Students and employees kicked off the school year Monday, Sept. 12, 2011 at Adventist University of Health Science's convocation. The keynote speaker, President Greenlaw, focused his message on three things he'd like to see take place in students during their college years.
"We want to change you in radical ways," he said, "intellectually, socially, and spiritually." Intellectually, Greenlaw hopes students will grow through exposure to new people, ideas, and subject areas. Though he admitted he remembers very few specifics from college classes such as music and art—two of his most difficult subjects—he sees how they were valuable in expanding his knowledge.

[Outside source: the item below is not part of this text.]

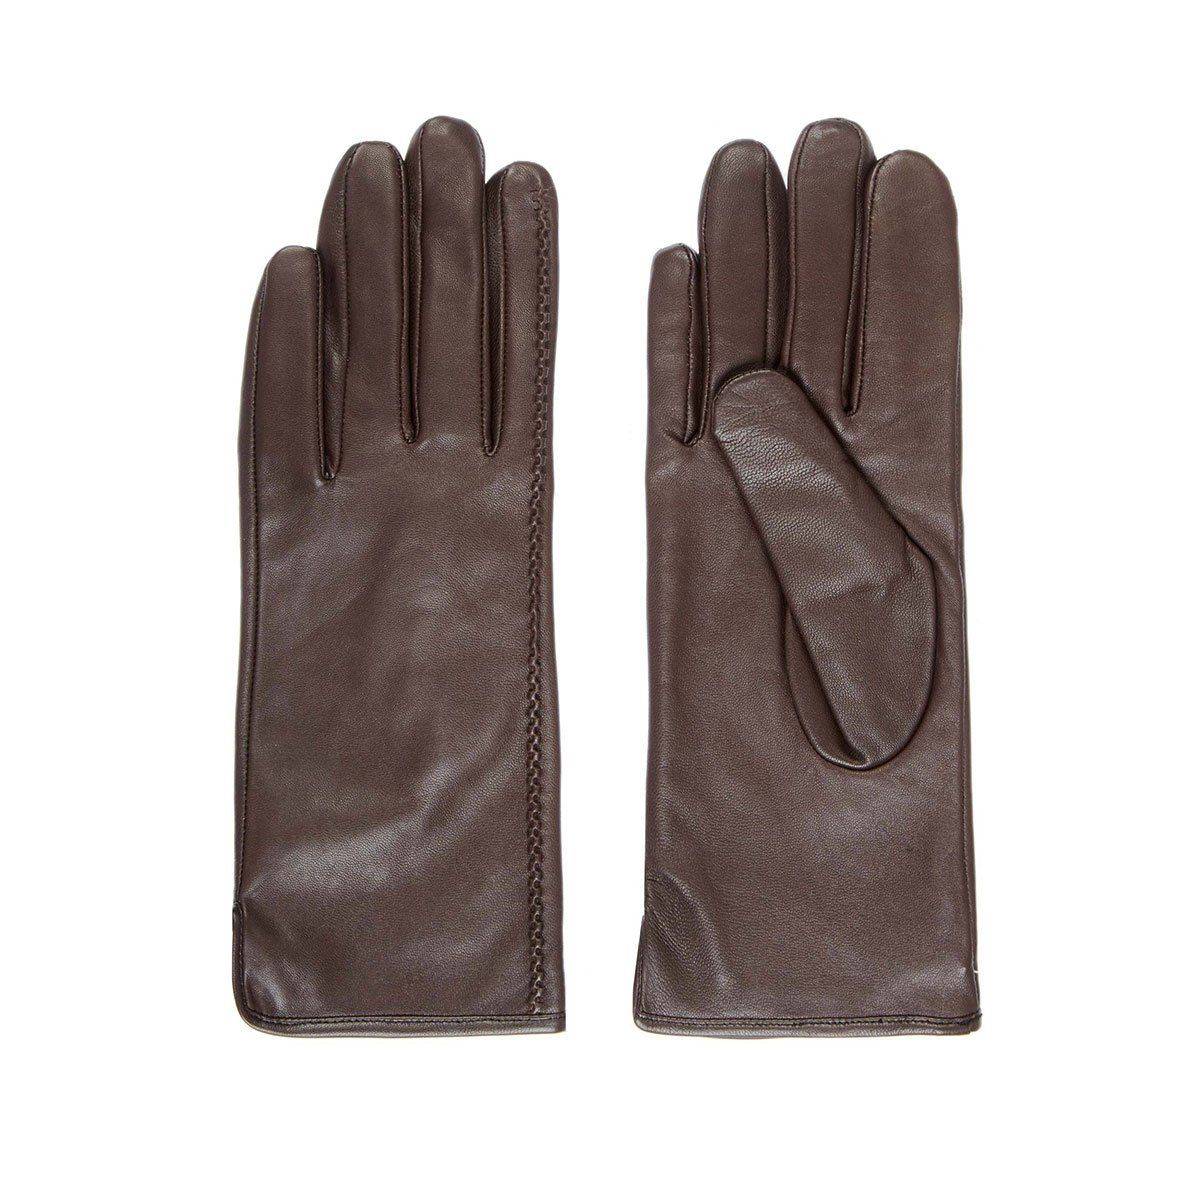 Перчатки EMU Australia ACCE - Accessories Moranbah Gloves W7006, цвет коричневый, размер M/L - фото 1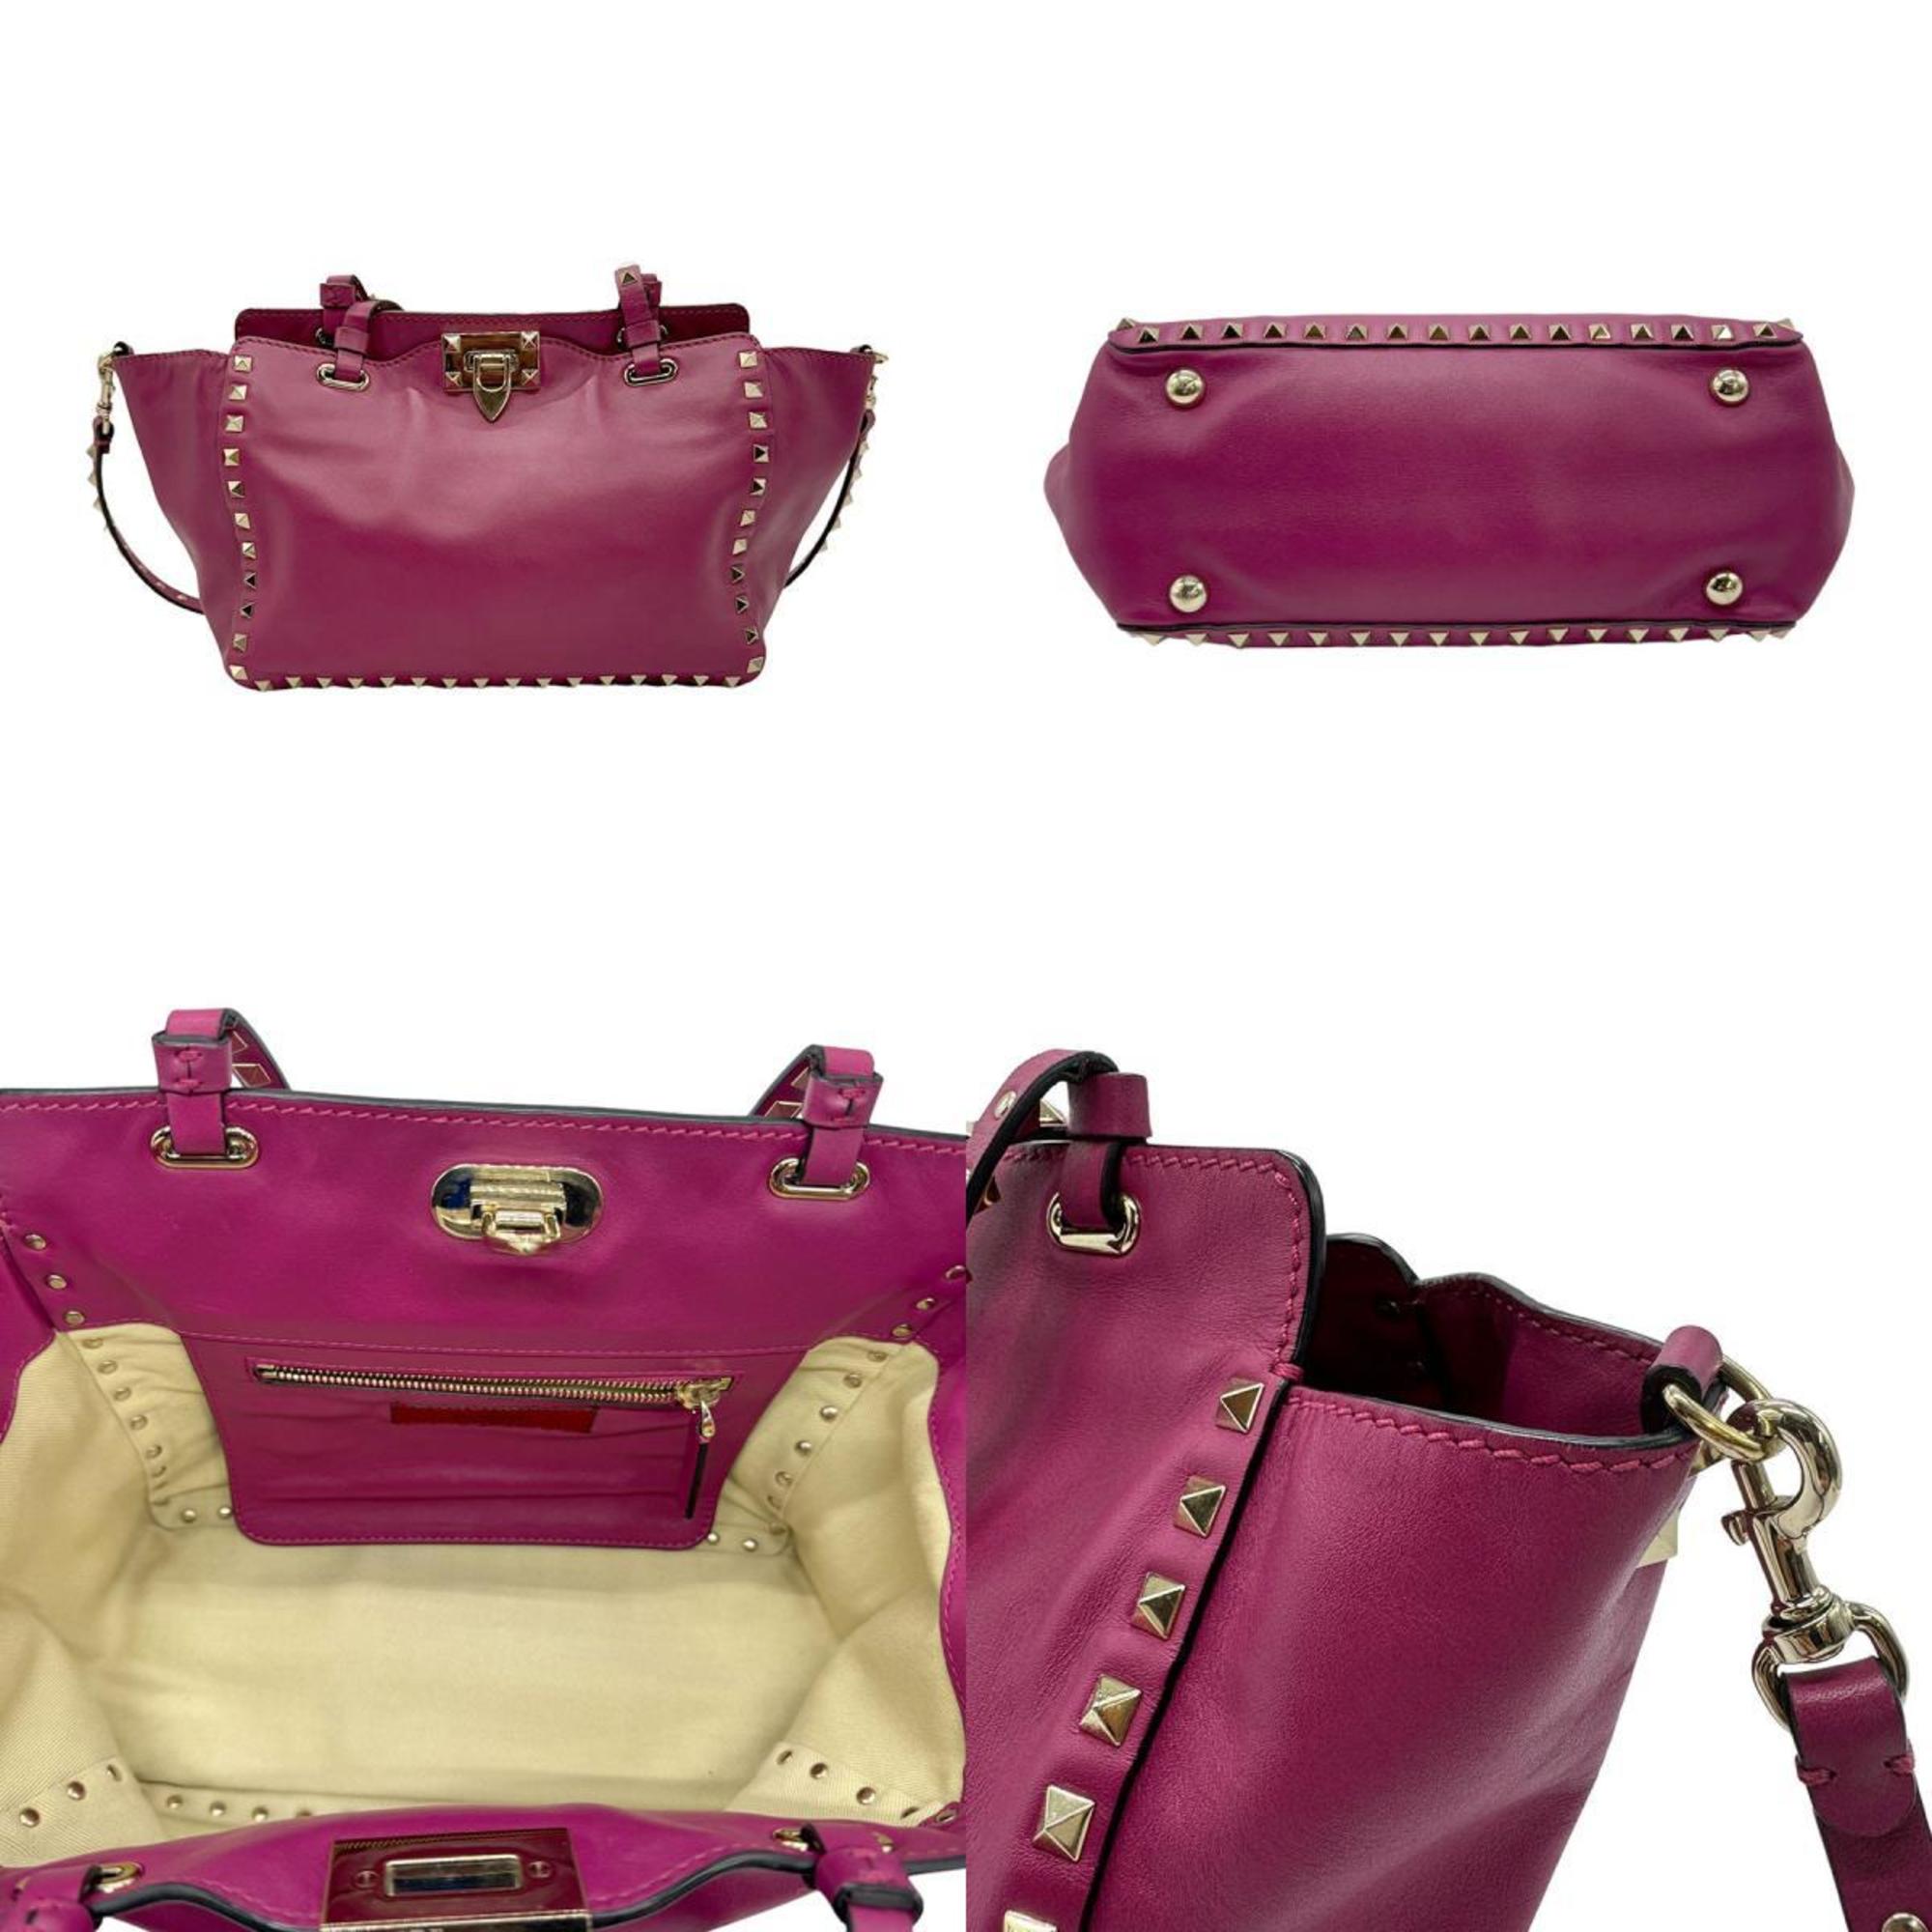 Valentino Garavani Shoulder Bag Handbag Leather Purple Pink Women's z0728

"All of us have a tendency to stay close to our comfort levels in what we like to do," Greenlaw said, but being forced to take classes in challenging subjects "frees us" to understand other cultures and worldviews.
From there students must grow socially as well, finding answers to the questions, "Who are you as a human being and how do you want to react to this thing called life?" The decisions students make today will shape society in the next 20 years, Greenlaw said. He hopes what students will discover at Florida Hospital College is that "every being who lives, lived, or ever will live is God's child," and thus worth treating with care and respect.
Last but not least, as the saying goes, Greenlaw hopes students will change spiritually, becoming ministers of God's love to people at their greatest time of need. In a closing illustration of The Good Samaritan, Greenlaw reminded students, "the way you touch and the way you talk becomes the essence of the voice and hand of God."
That, he says, is what studying at Adventist University is all about.